### Data section

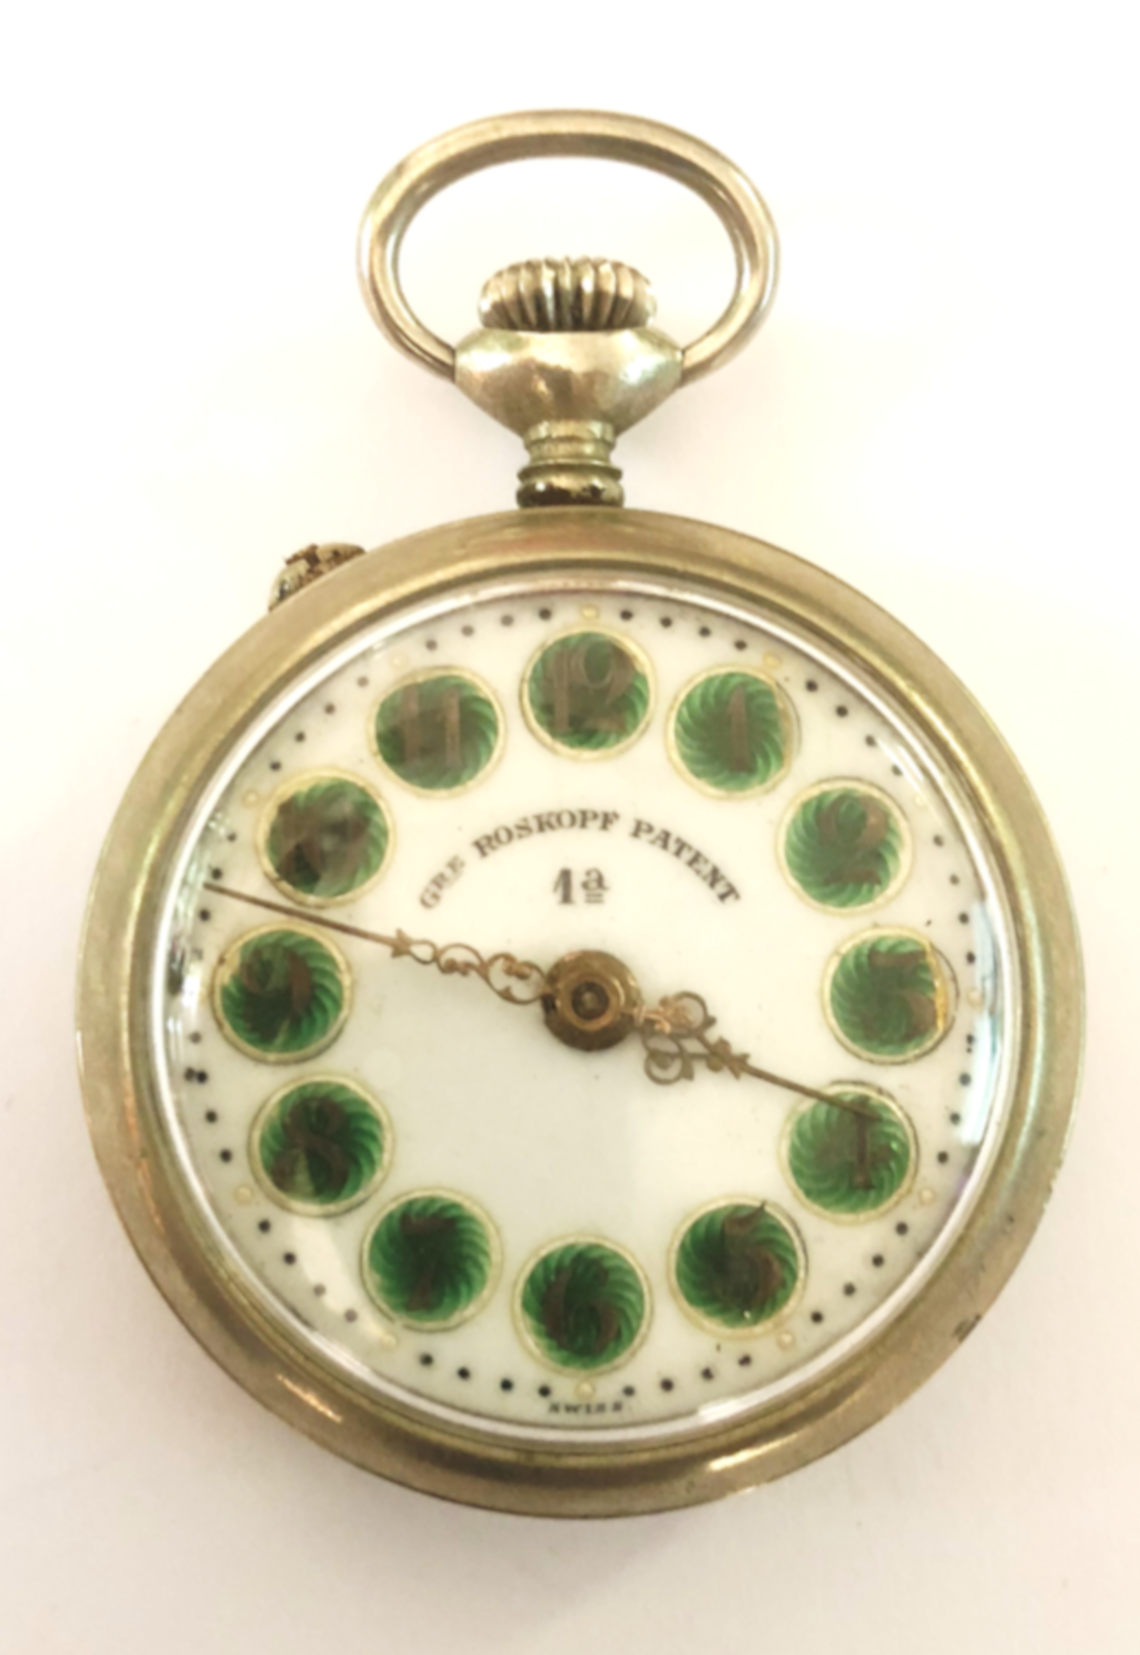 Reloj estilo lepine de manufactura ROSKOPF PATENT, 1ª, Suiza. Museo Internacional de Alta Relojería de
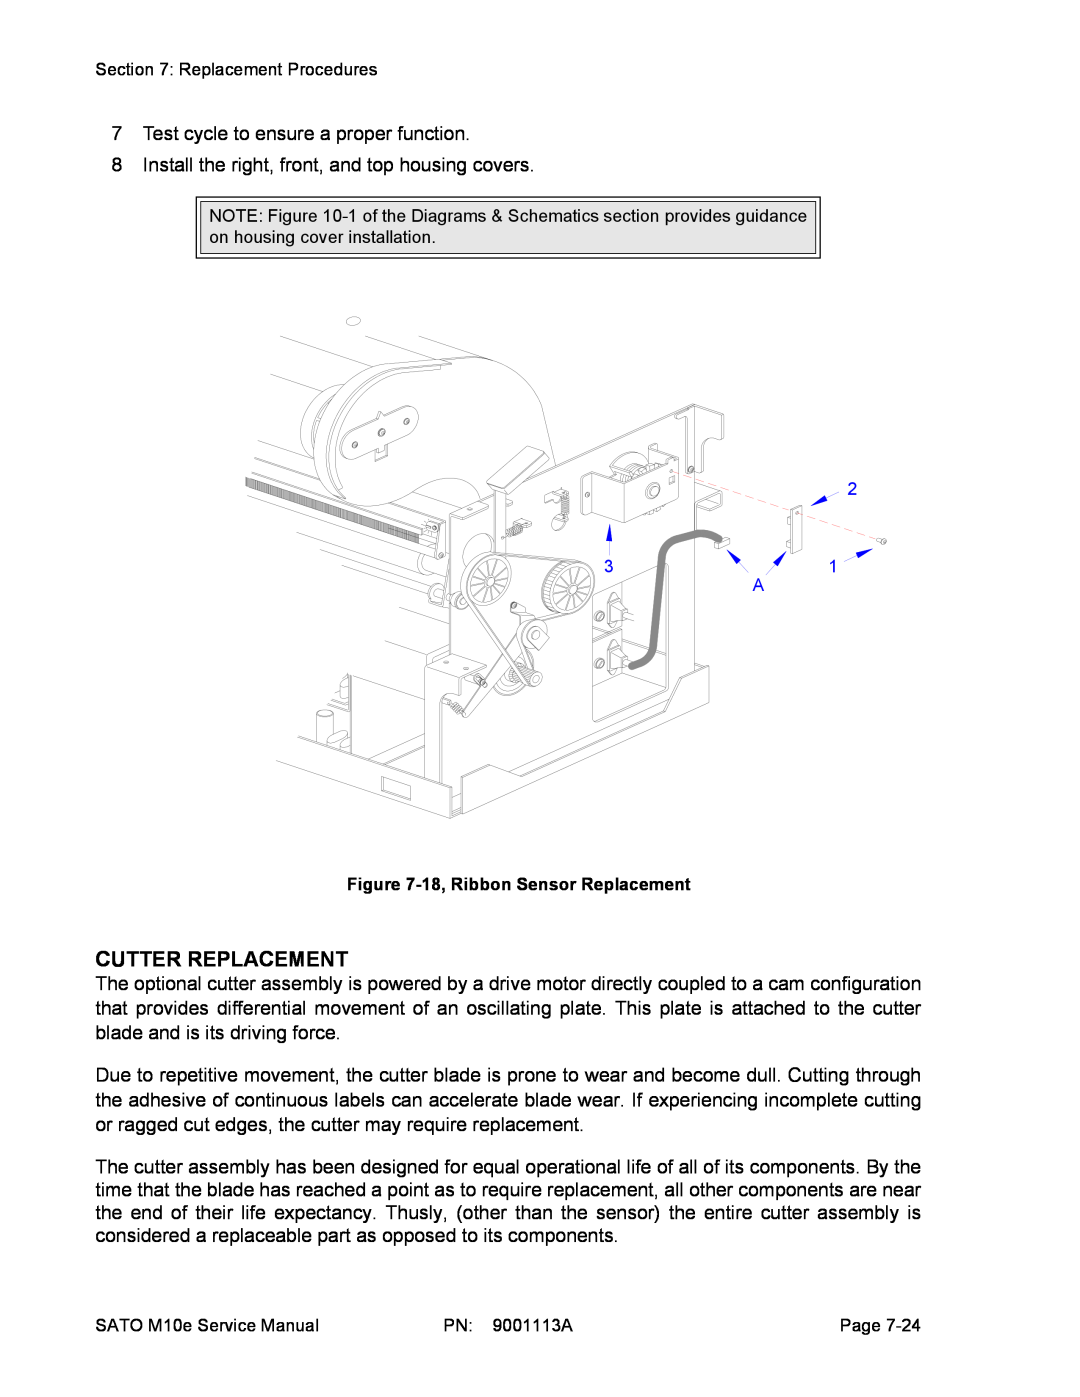 SATO 10e service manual Cutter Replacement 
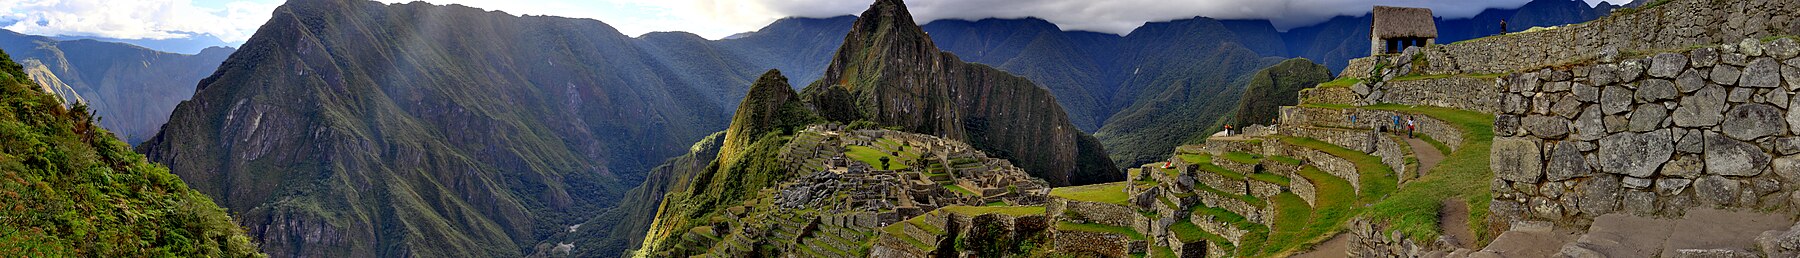 Peru banner 2.jpg

### Exercise directions
Each line of the data above is to be output exactly; the pictures are not to appear.

### Response area
 Reloj estilo lepine de manufactura ROSKOPF PATENT, 1ª, Suiza. Museo Internacional de Alta Relojería de
 SATO 10e service manual Cutter Replacement 
 Peru banner 2.jpg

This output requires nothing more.